→ TASK INSTRUCTIONS
Return the listing below exactly. Leave its pictures out.

→ SUPPLIED MATERIAL
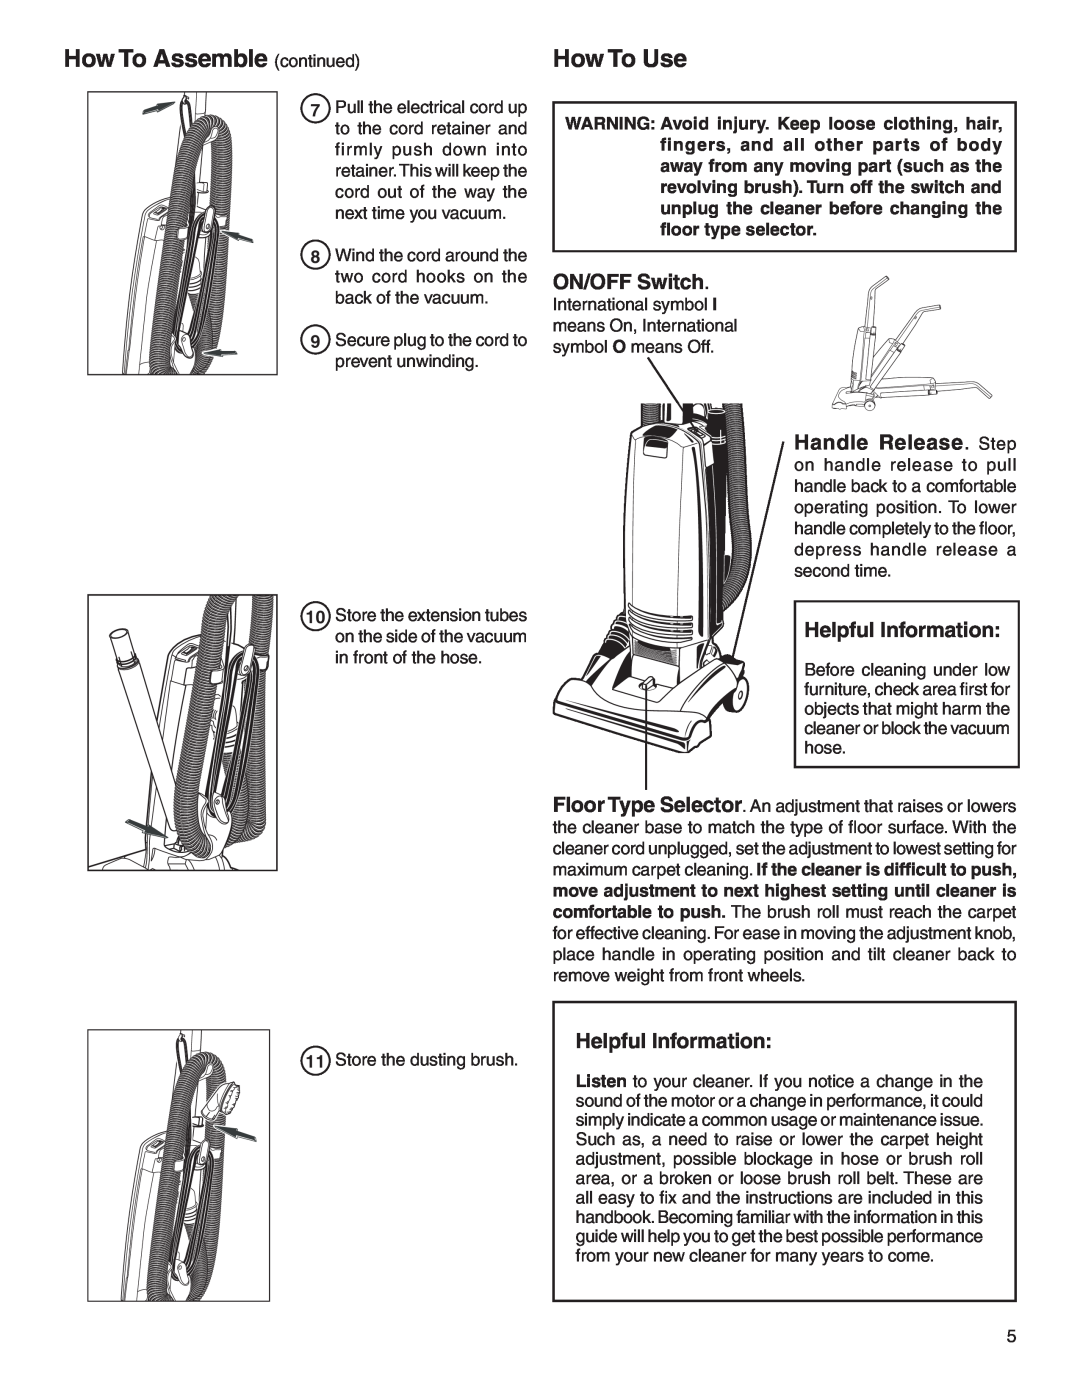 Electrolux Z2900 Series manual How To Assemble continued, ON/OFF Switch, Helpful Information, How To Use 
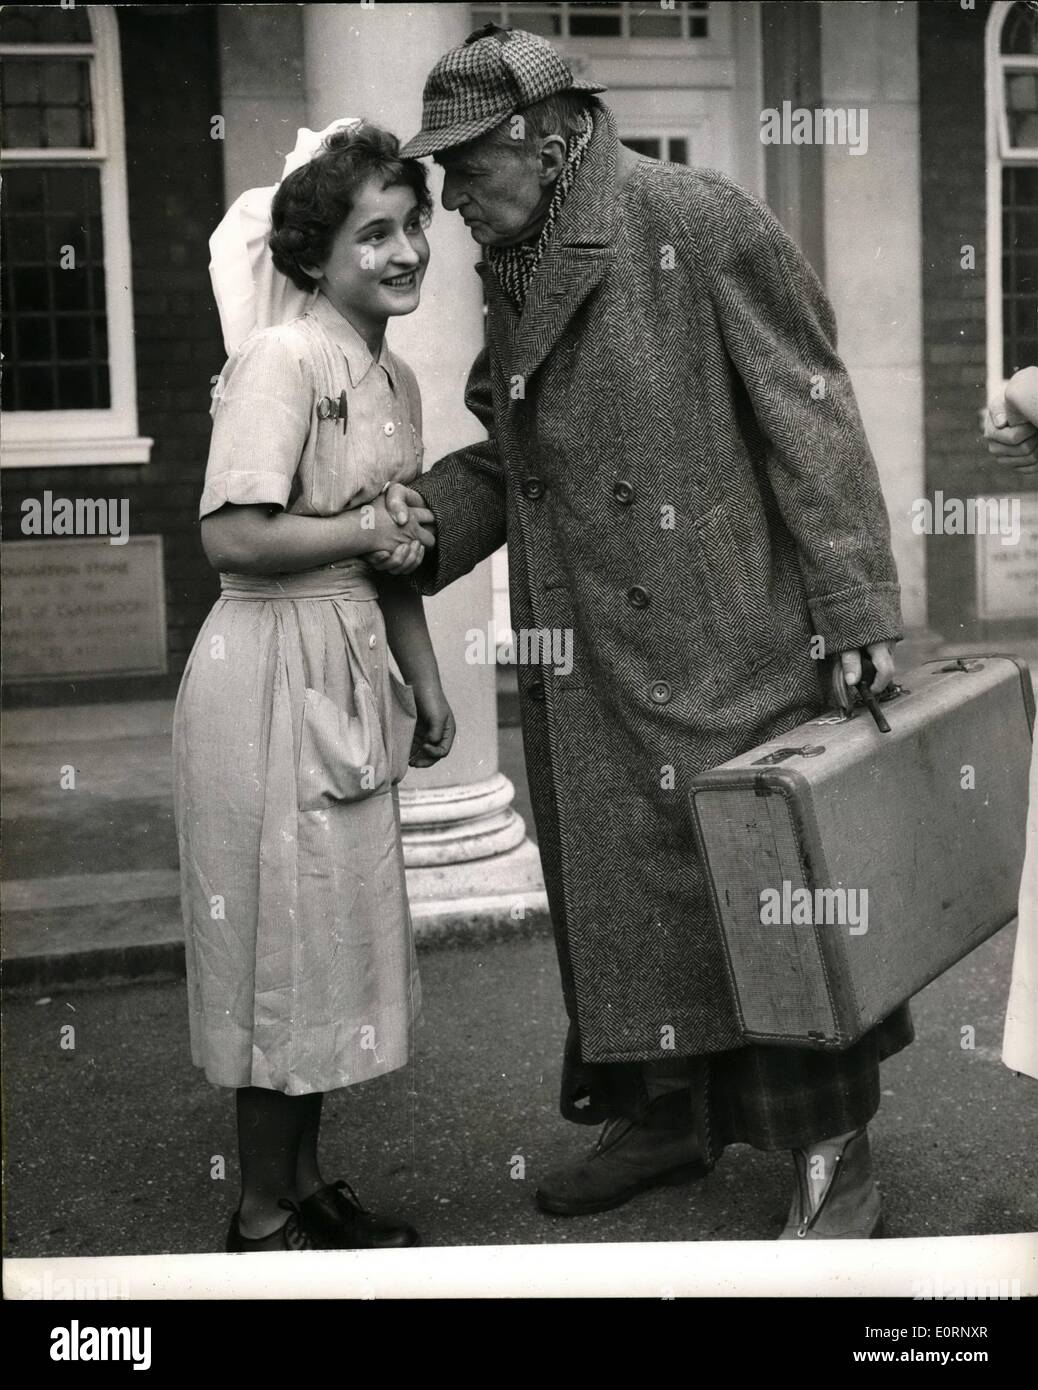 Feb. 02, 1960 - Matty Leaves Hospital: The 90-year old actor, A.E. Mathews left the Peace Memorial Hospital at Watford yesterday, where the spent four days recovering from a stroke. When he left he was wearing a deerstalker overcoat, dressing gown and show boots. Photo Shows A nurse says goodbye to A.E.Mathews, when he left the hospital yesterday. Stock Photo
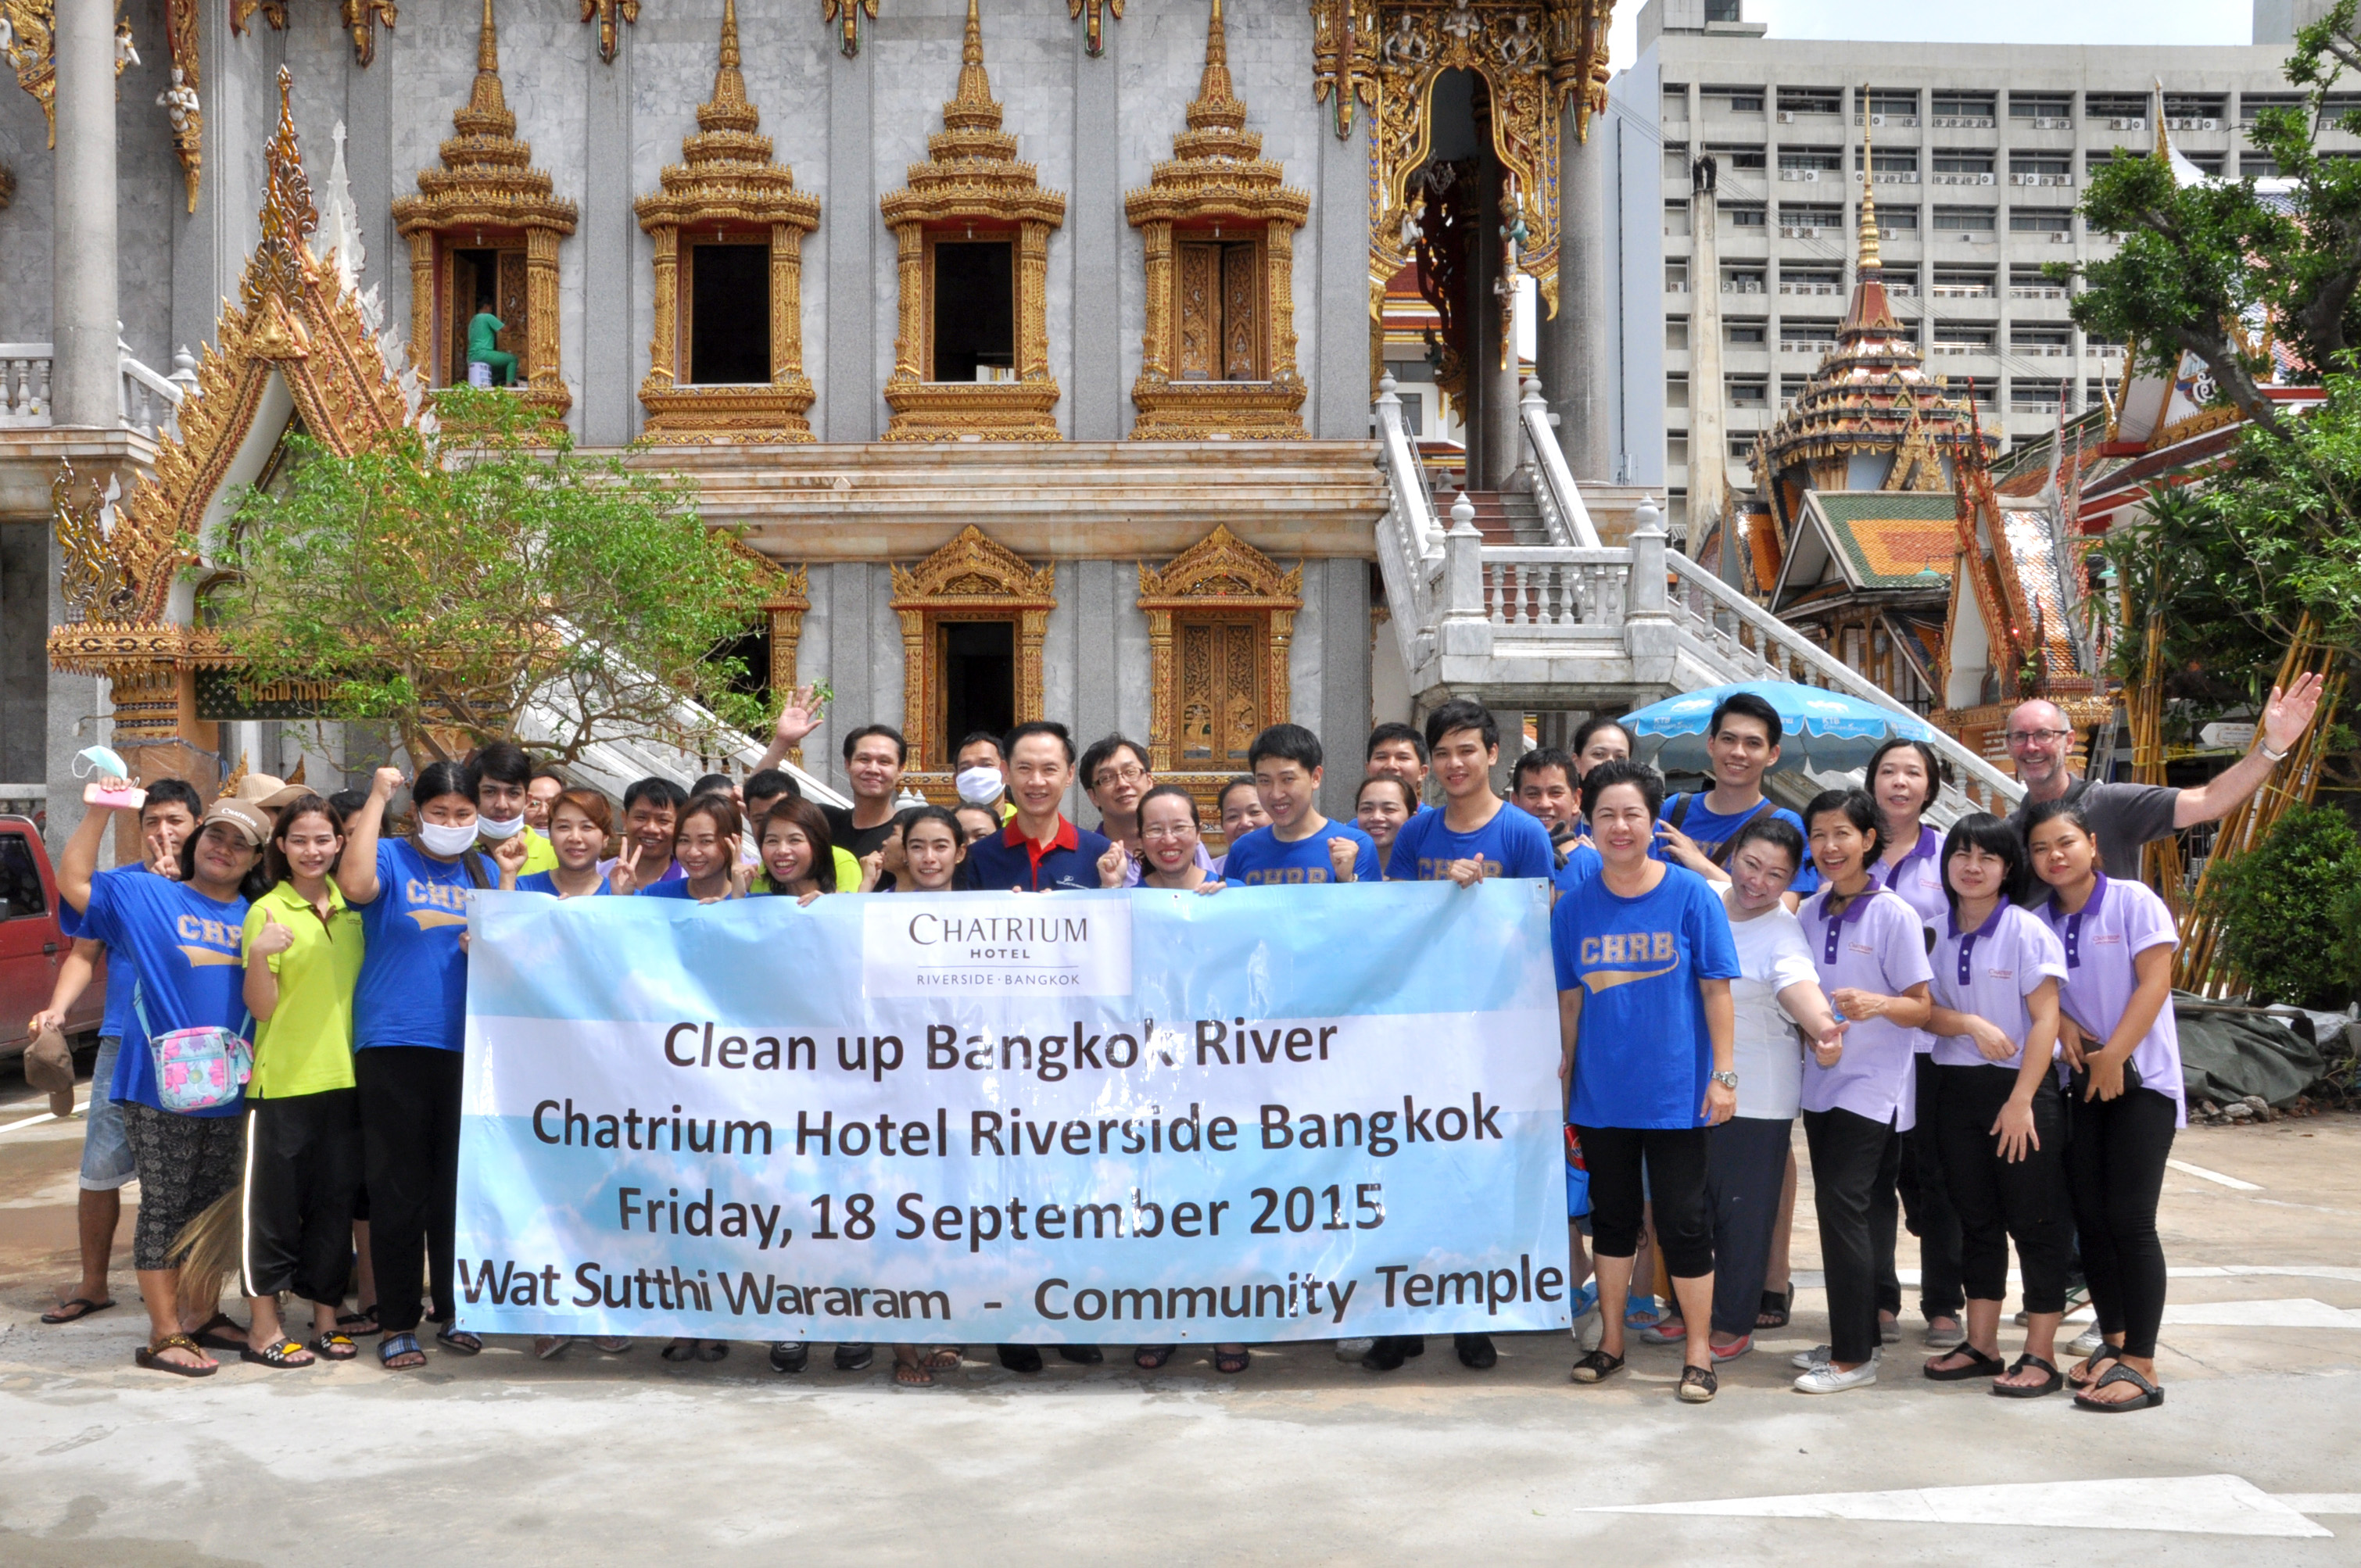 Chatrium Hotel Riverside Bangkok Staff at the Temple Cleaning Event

→ EXERCISE SOLUTION
 Electrolux Z2900 Series manual How To Assemble continued, ON/OFF Switch, Helpful Information, How To Use 
 Feb. 02, 1960 - Matty Leaves Hospital: The 90-year old actor, A.E. Mathews left the Peace Memorial Hospital at Watford yesterday, where the spent four days recovering from a stroke. When he left he was wearing a deerstalker overcoat, dressing gown and show boots. Photo Shows A nurse says goodbye to A.E.Mathews, when he left the hospital yesterday. Stock Photo
 Chatrium Hotel Riverside Bangkok Staff at the Temple Cleaning Event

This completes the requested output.